I believe Enerzone, Osburn, Drolet and Englander all offer models with bottom feed technology as well.


----------



## Jonkman (Apr 30, 2016)

Tonyray said:


> One other good point about [free standing Harmans] is the mega Large Ashpans..holds .many many weeks of Ash...



I noticed that, that is really nice...HOWEVER the wife hates "stoves" that come into the room, maybe in the next house I can convince her to get one, I guess it would depend on the layout, etc. She really likes fireplaces or a fireplace with a nice looking insert, hence the Castile insert we have now.


----------



## Jonkman (Apr 30, 2016)

papa bears stove said:


> I believe Enerzone, Osburn, Drolet and Englander all offer models with bottom feed technology as well.



Well, that is good to know. I'll admit the only name in there I recognize is Englander.  Thing is, where I live there really isn't much for dealers, and if there are it's only Quadrafire and Harman, or TSC, Home Depot, etc, but they aren't a dealers...just sellers. And most don't even carry stock of anything.

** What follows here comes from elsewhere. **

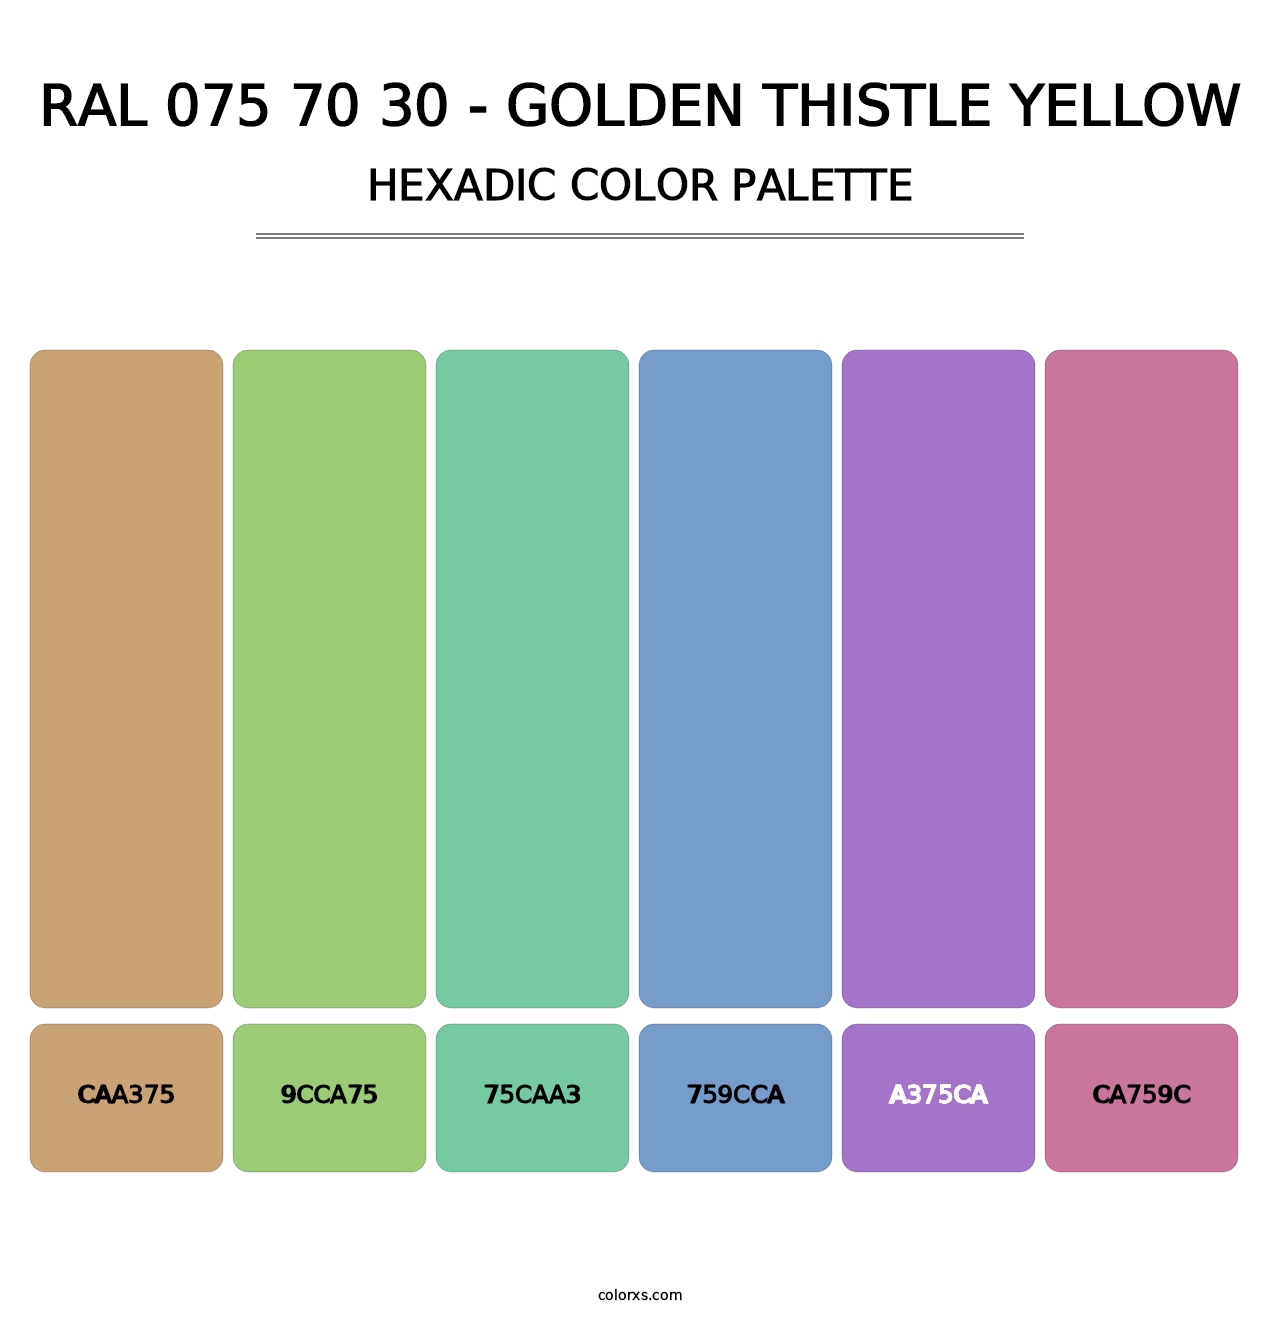 RAL 075 70 30 - Golden Thistle Yellow - Hexadic Color Palette

So maybe I was wrong, but it still seems it's not as common I guess? I dunno....


----------



## 3650 (Apr 30, 2016)

I've never experienced pellet bridging in any of my other stoves. In fact they have all been pretty much worry free.  I've replaced a blower motor on two of them. I had an ignitor go out on one. I replaced gaskets. Pretty common maintenance on any pellet stove. The feed system on all of them have been no issue.
I would never buy another Harmless.  It's no great shakes.  I've had 5 stoves and I liked all the other stoves better then the Harmless.  I've had an Accentra. It doesn't throw all that much heat and chews through pellets. It has a speed bump that builds up on the rise of the burn pot that has to be cleaned daily, sometimes twice. It's got a tiny hopper. It gums up. I'd never buy another.


----------



## alternativeheat (May 1, 2016)

It takes about 15 seconds to scrape the speed bump off with a decent sized screw driver ( works better than the silly Harman tool which is good enough for scraping excess ash off the pot), you don't even shut the stove down. And depending on the pellets and burn rate you may or may not get the speed bump to begin with. 

I agree that at least the free standing Harman Accentra doesn't appear to be their hottest output offering. A P series Harman has a certain presence of heat about it by comparison, I think due to the radiating factor vs just blower. You won't find any cats sitting on top of a P61 when in operation even on low !

I do think some drop feed stoves are very efficient. I could use some heat in my basement and I wouldn't toss out the idea of a drop feeder for down down there. I wouldn't toss out the idea of a kerosene heater either if it weren't illegal in this state to put one in ( stupid IMO, I just need temp heat now and then down there to do some wood working, more government BS)..


----------



## Bioburner (May 1, 2016)

BrotherBart said:


> What pellet stove doesn't have a vacuum in the burn chamber?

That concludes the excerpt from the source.